Brother Timothy, who lived to be 94, was an ambassador of Napa wine for 70 years and is recognized as one of the most influential men in the California wine industry during the 20th century.

Wine historian James Lapsley quotes Andre Tchelistcheff as saying there were only four “outstanding wine processing plants” in the valley after Repeal: Ingelnook, Beaulieu, Larkmead and Beringer. Lapsley adds to that group the Christian Brothers Winery and Louis Martini Winery whose owner and namesake, having produced sacramental wines during Prohibition elsewhere in the state, built a state-of-the-art winery in 1933 — the first winery built in the valley after Prohibition.

Prohibition overlapped the Great Depression, followed by World War II and the Korean War. It wasn’t until the Eisenhower era that normal, sustained economic activity began to fuel economic growth in the U.S. in general, which applied to the Napa Valley as well.
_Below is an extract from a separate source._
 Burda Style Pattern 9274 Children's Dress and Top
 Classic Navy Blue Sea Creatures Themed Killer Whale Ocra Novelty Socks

And the properties of the men who created the Napa Valley wine culture in the first place in the 19th century would all eventually play a key role in the ultimate ascension of Napa Valley wines and wine culture on the world stage. Charles Krug continued to be a leader in quality and varietal diversity in the 20th and 21st centuries, thanks to the Mondavi family. In the 1960s Jack and Jamie Davies revived Schramsburg, continuing the traditon of innovation as it became America's first sparkling wine house. Beringer Winery remained a stately place of beautiful ambiance under a succession of owners, and Inglenook was reborn as a stellar example ofhospitality with the new name, Rubicon Estate, under the ownership of Frances Ford Coppola.

From long before recorded history, the valley possessed the natural elements of terrior, the soil and weather conditions, to make it potentially a special place in the world of wine. But it took a unique social, political and individual human history, along with individual struggles and triumphs to get to today’s Napa Valley wine industry and wine culture. The Napa Valley has an abundance of quality wines, different wine varietals, beautiful ambience and phenomenal hospitality at its hundreds of wineries, but this did not occur spontaneously or instantly. Knowing the story of how this all came about should help the visitor to enjoy all aspects of the Napa Valley wine culture, not just the wine, and the residents of our valley to better appreciate this special place where we live.